You say you are competent to write about depression, but that can be a very serious mental illness that can end in death by suicide. Those who suffer from depression are also neither insane or stupid, but you don't need to give them advice about their illness, just how to live with homelessness.

Mentally ill people who make it to this blog on a computer are certainly capable of learning from the advice here about homelessness. They should at least feel they are welcome without being branded "insane persons" because people already do that to them and they might like to feel that a site that deals with homelessness might be more compassionate. Without ever dealing with their illness you are helping them by making them welcome rather than feel like pariahs.

So please at least leave your door to this blog open to them and do not have a "mentally ill need not apply attitude" because they can benefit from the great advice here from many people. And please, please, please dump the "insane" tag from your vocabulary because if you don't know it is insensitive.

 
At 12:50 PM, Blogger Mobile Homemaker said...

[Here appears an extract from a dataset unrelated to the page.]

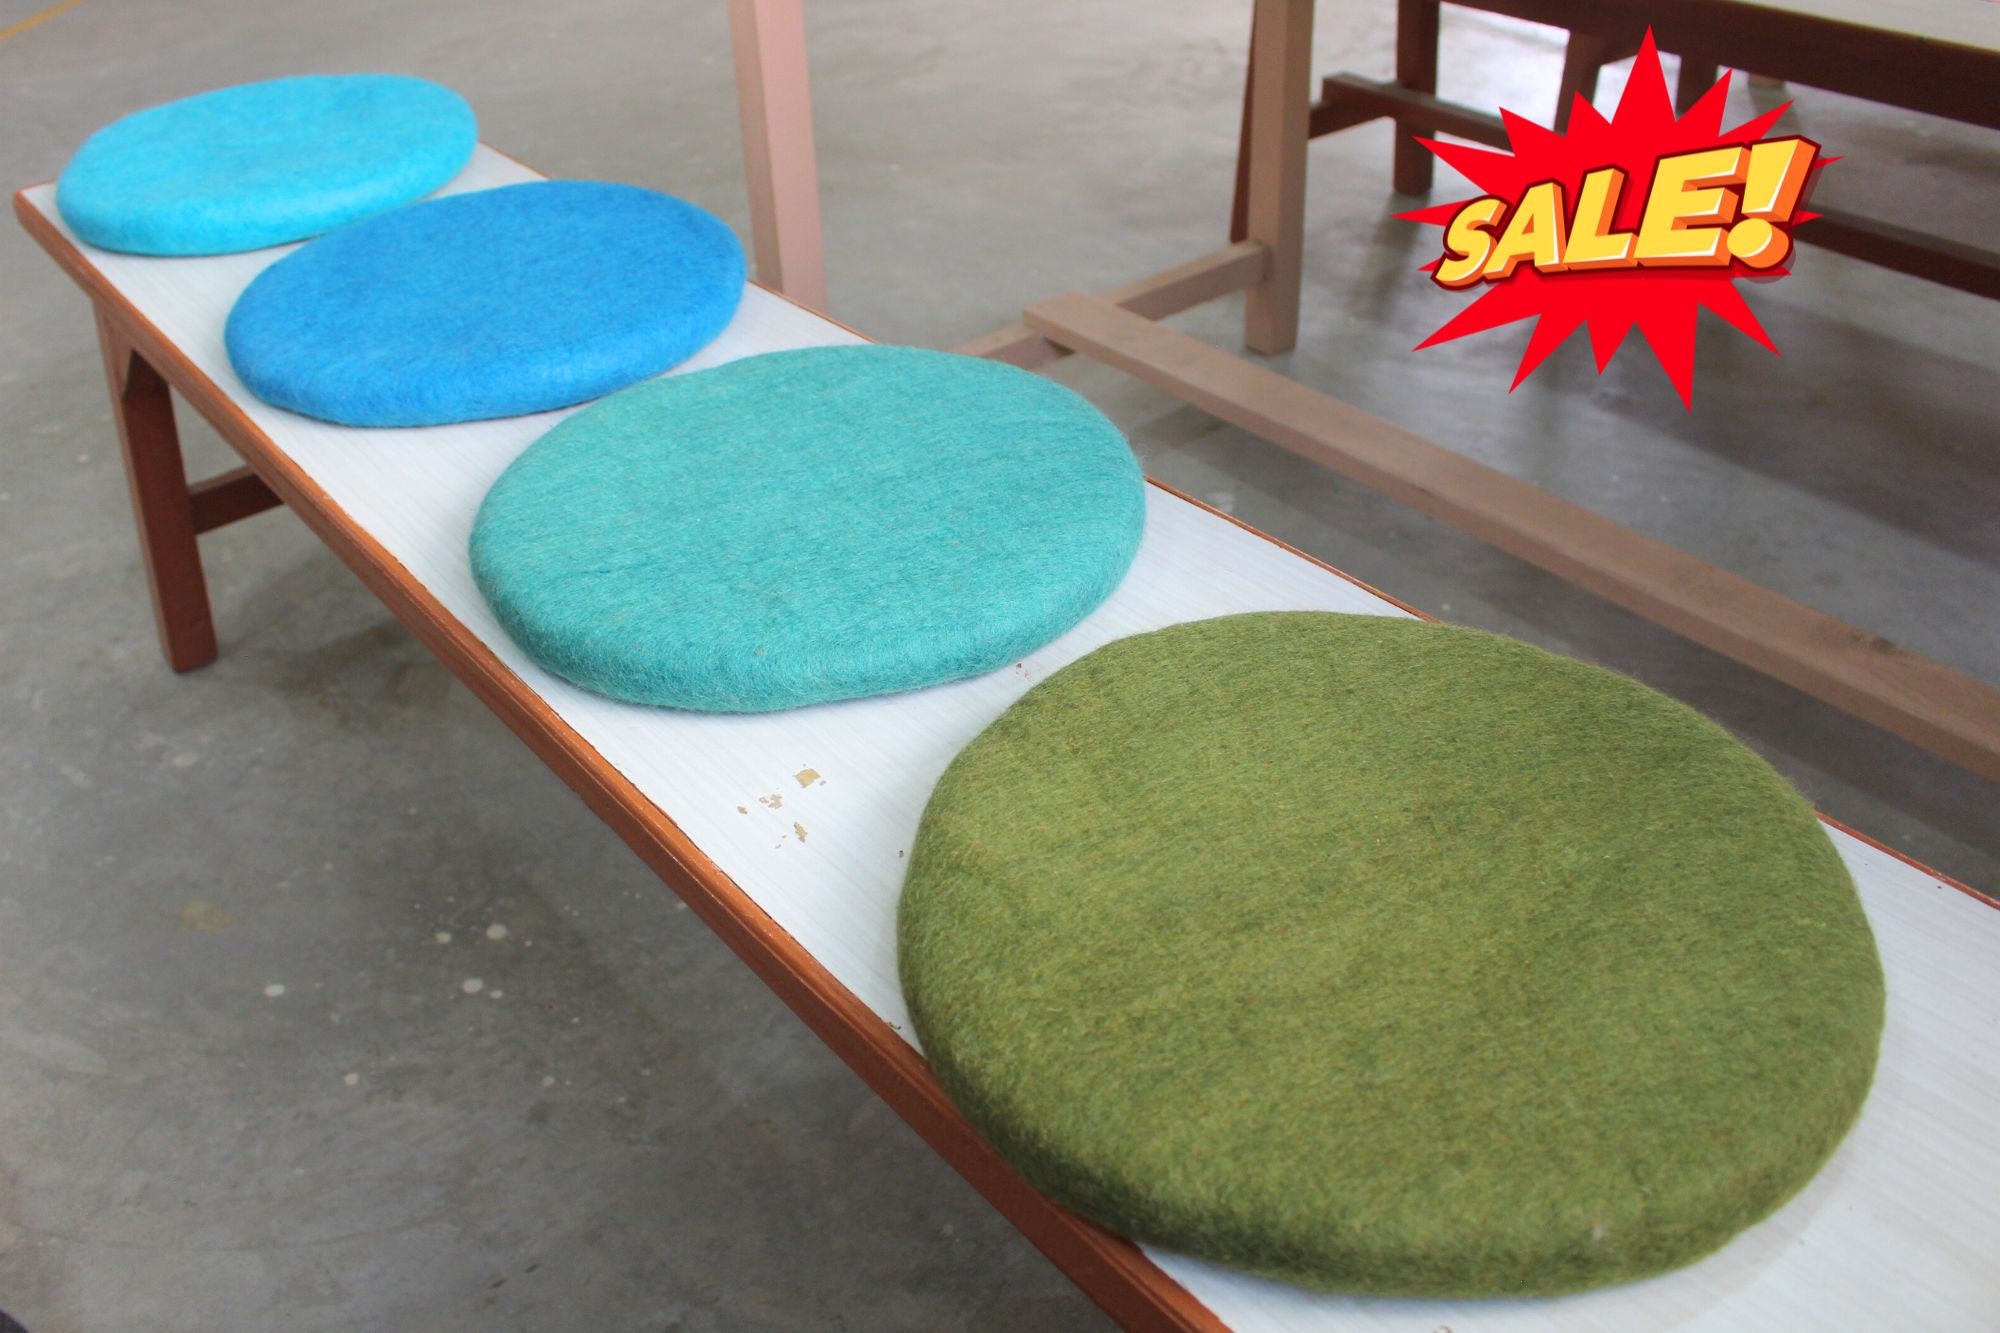 35cm Wool Felted Seat Pad, Round Thick Chair Cushion for Felt Home Decor,  Start With 2 Sets of Handmade Pads

I think you are missing the point. I've been criticized for writing about techniques that incompetent people could not put into practice. All that I was saying is that there are those who are homeless and CAN use these techniques, and they are my audience. Regardless of the reader's mental status, if they get something useful from the blog, hurray! If they can't use what I'm laying down, then they aren't my audience. I'm not picking on anyone. I am defending my right to write about high level methods of obtaining comfort without a dwelling. That's it.

 
At 1:40 PM, Blogger elocs said...

All I am saying is that the mentally ill or people who are depressed should feel as welcome here as anyone. If they are on the ball enough and lucid enough to get to a computer and to get here to read this blog, then they can be helped. If they are delusional they will never make it this far anyways. You do not have to address their illness, just their homelessness. They should be as welcome as anyone.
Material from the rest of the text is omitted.